Each line in the data must be reproduced as written, except for any picture.

(DATA EXCERPT)
—————

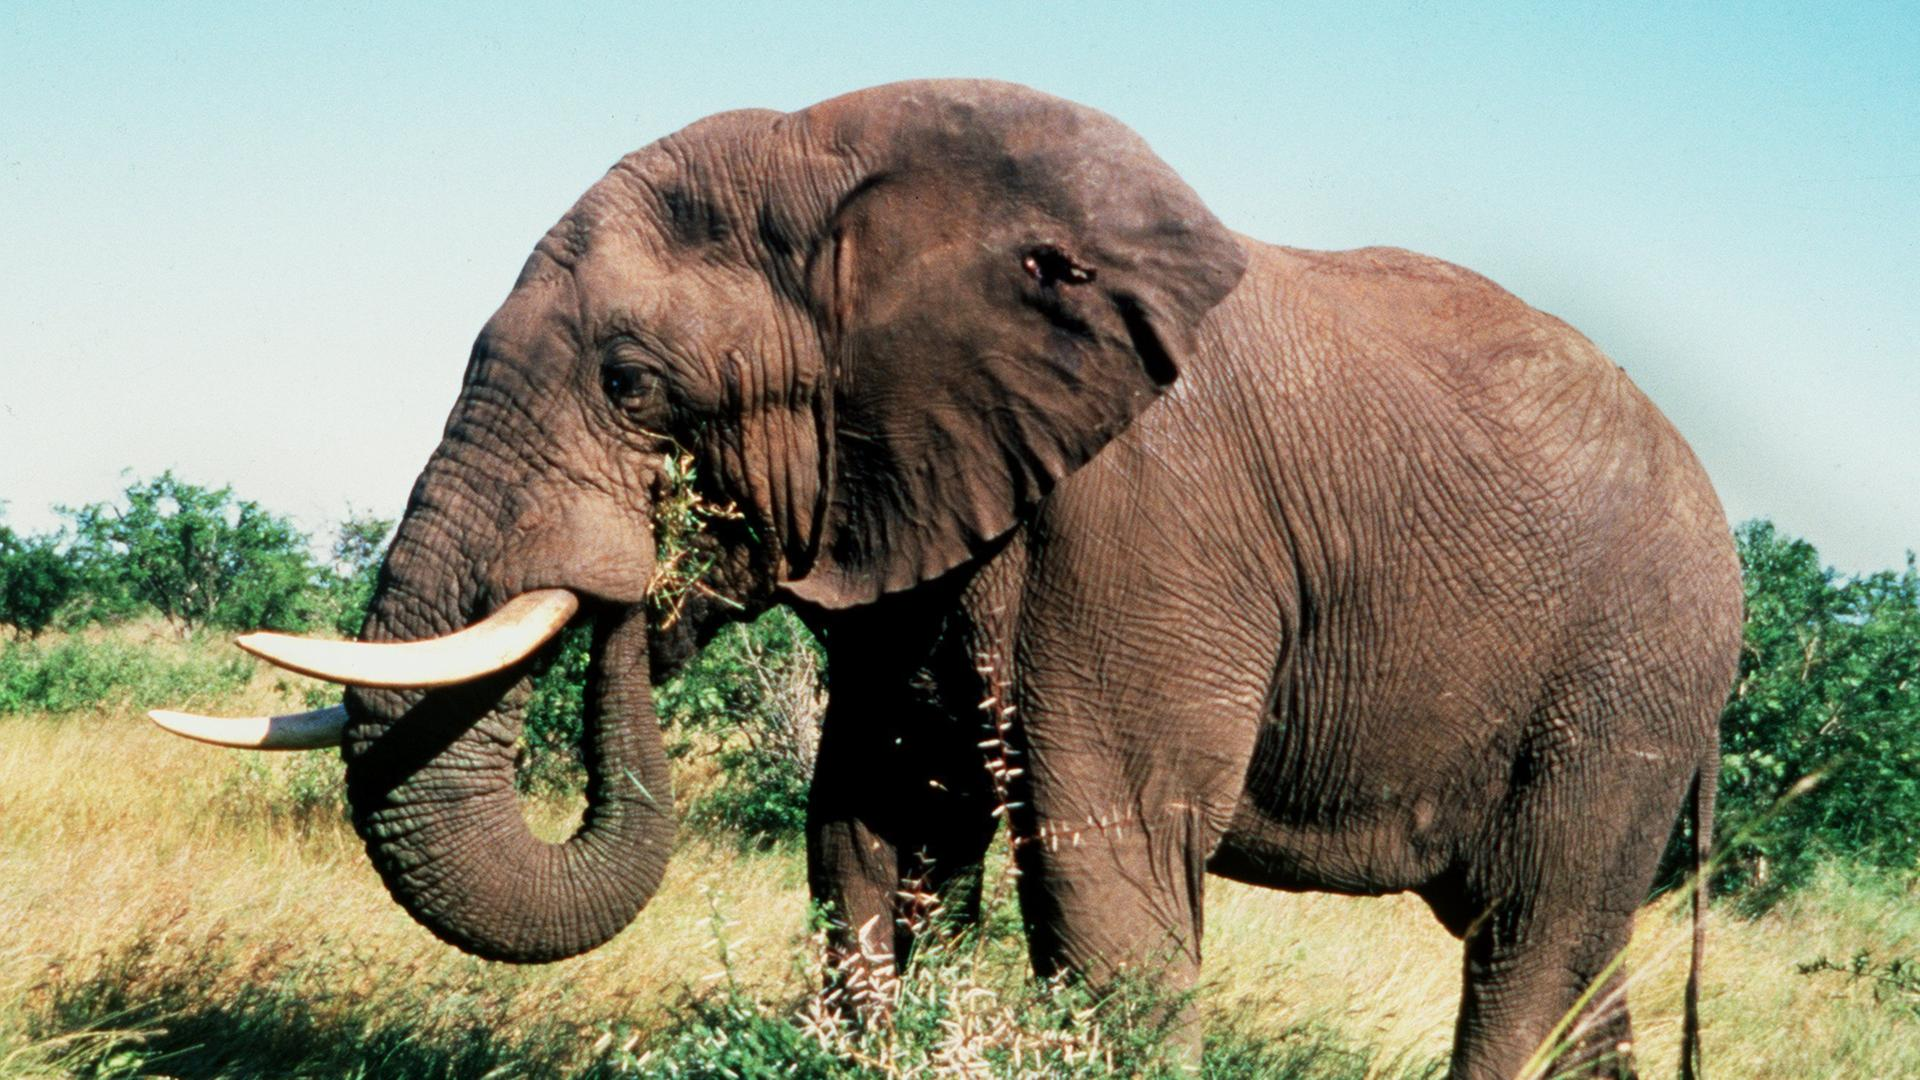 Wie lange dauert eine schwangerschaft bei elefanten
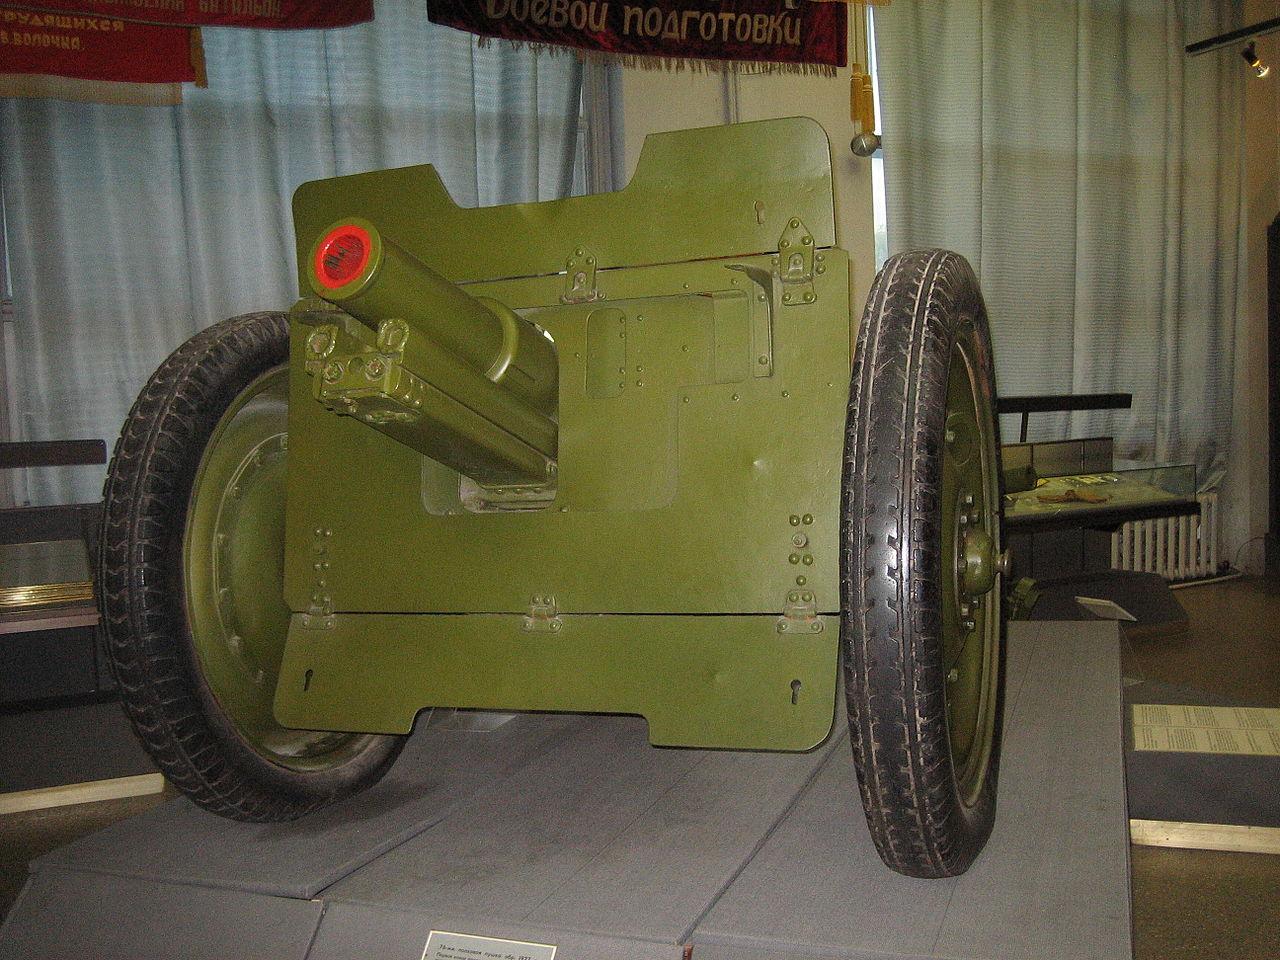 1280px-Regimental_gun_76mm_1927_Moscow_3
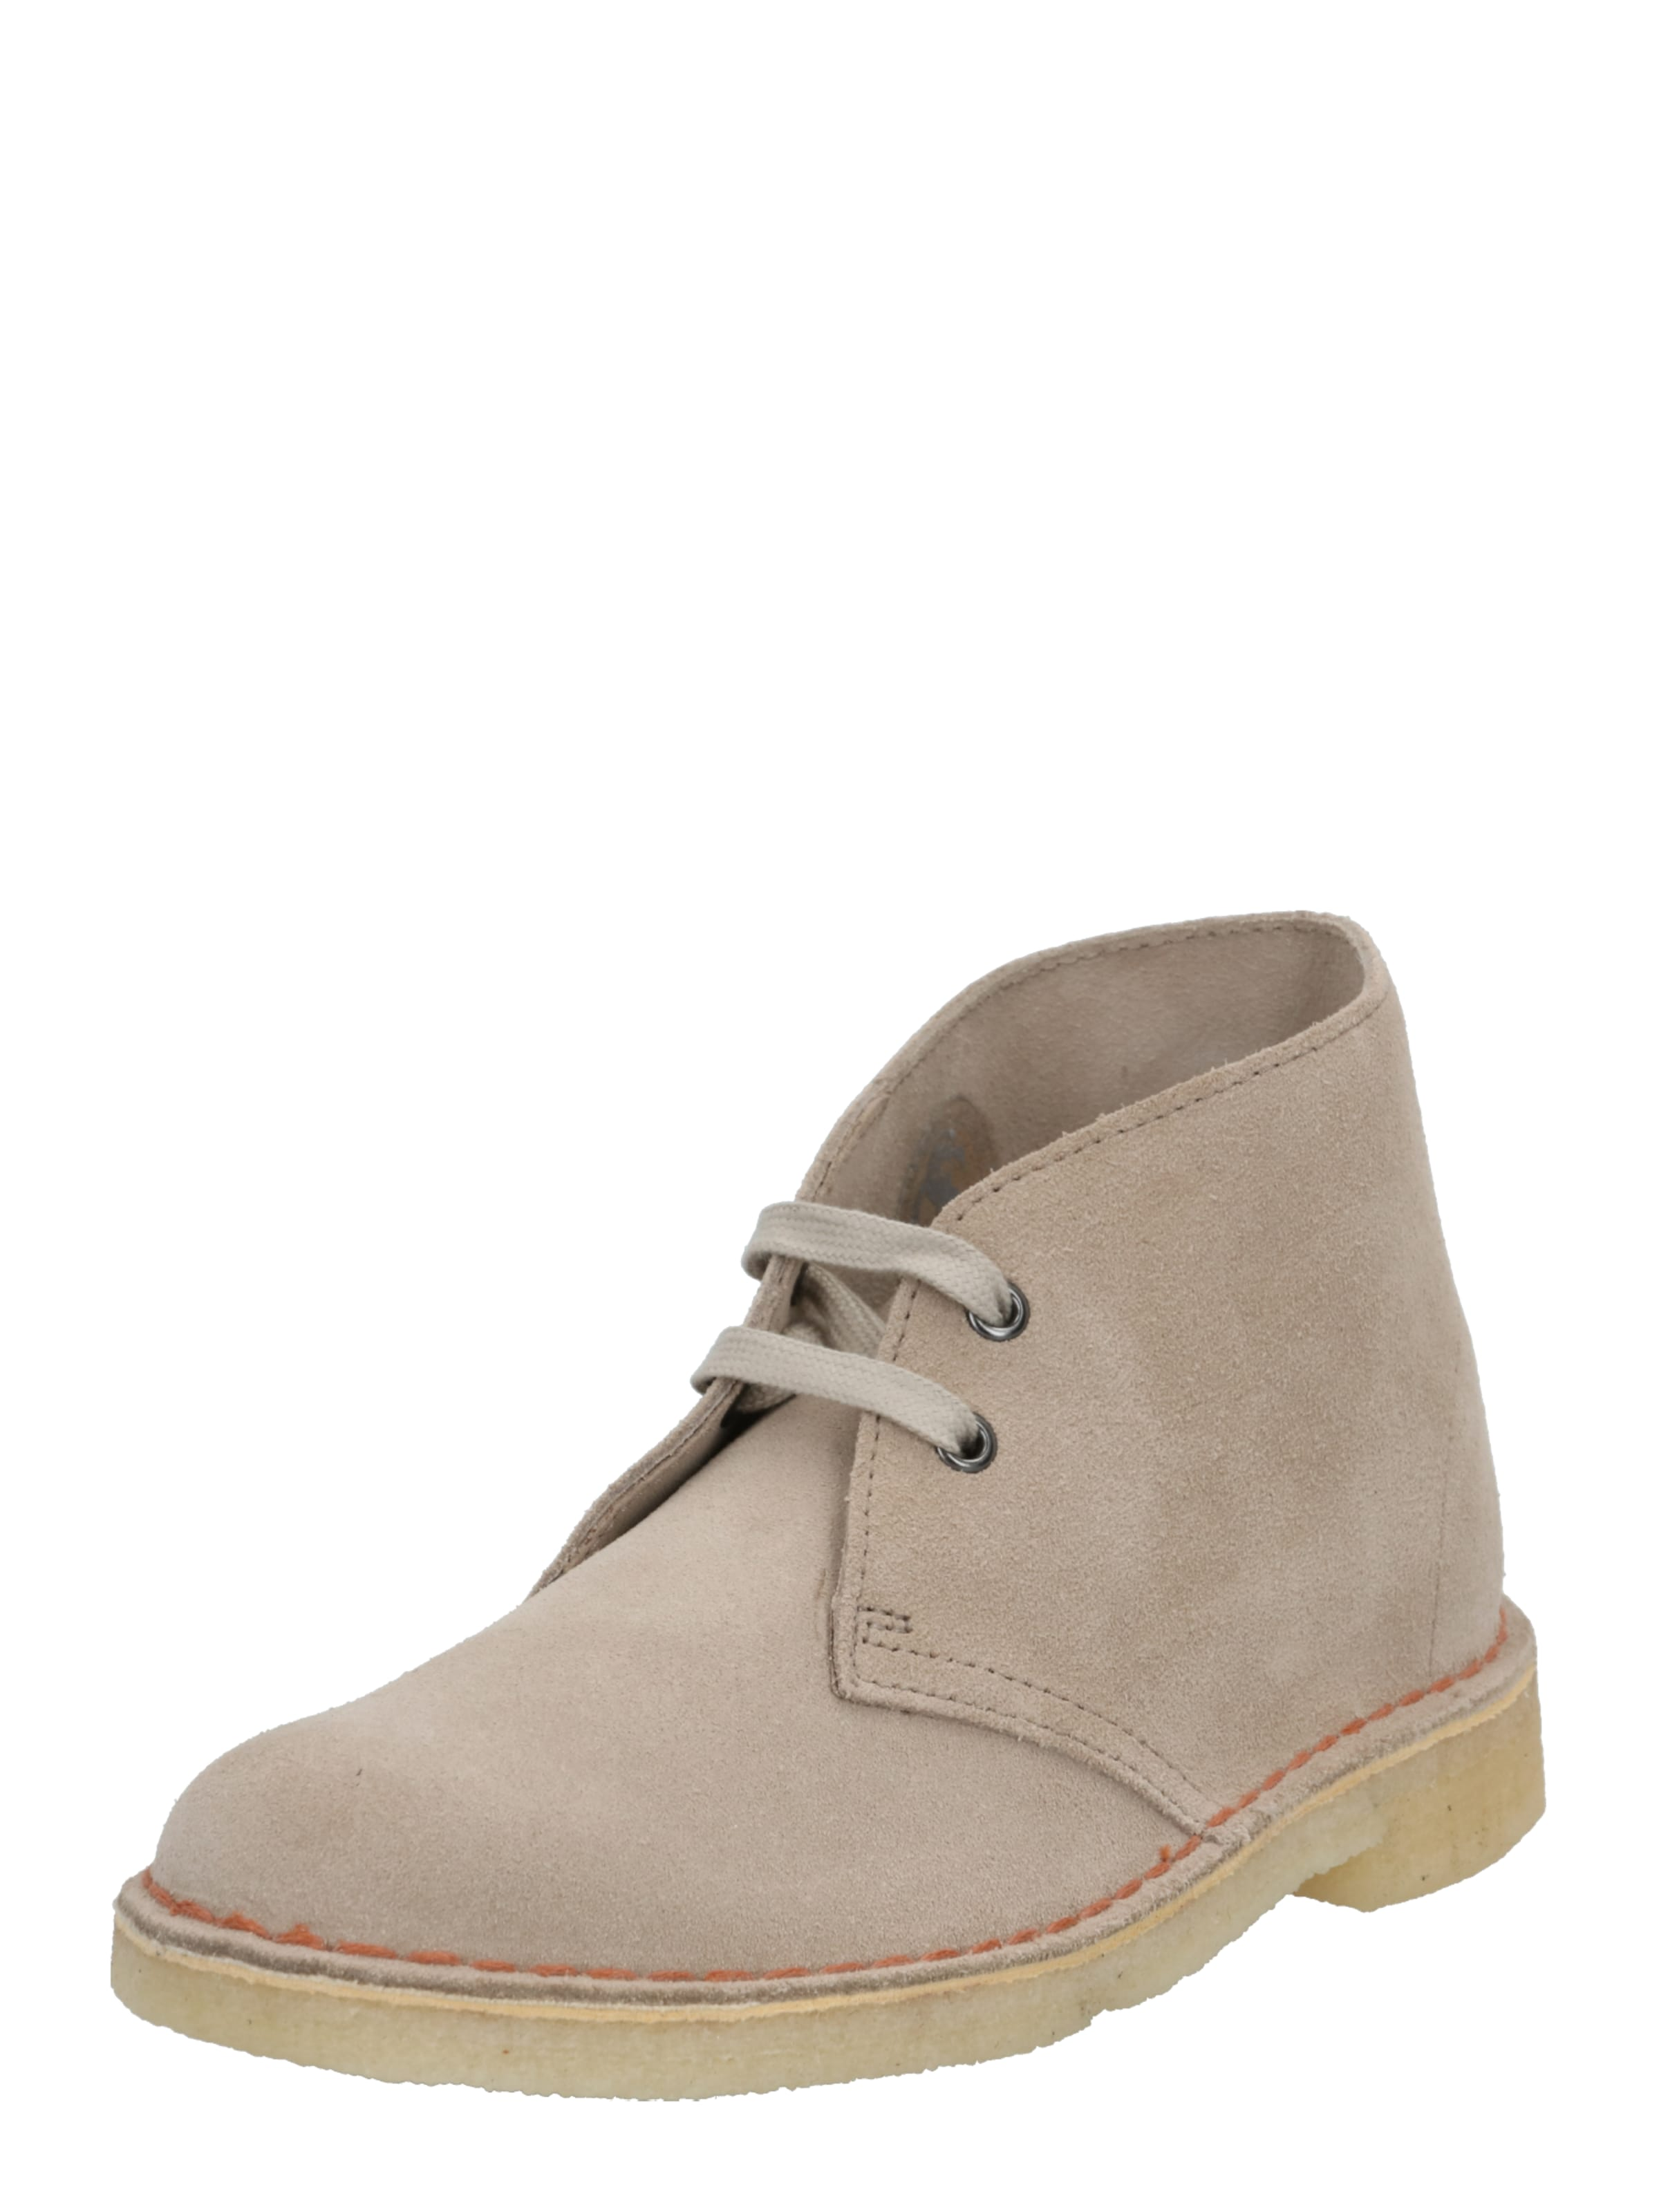 Clarks Originals Fűzős cipő 'Desert Boot' homok színben

—————

(OUTPUT)
 Wie lange dauert eine schwangerschaft bei elefanten
 1280px-Regimental_gun_76mm_1927_Moscow_3
 Clarks Originals Fűzős cipő 'Desert Boot' homok színben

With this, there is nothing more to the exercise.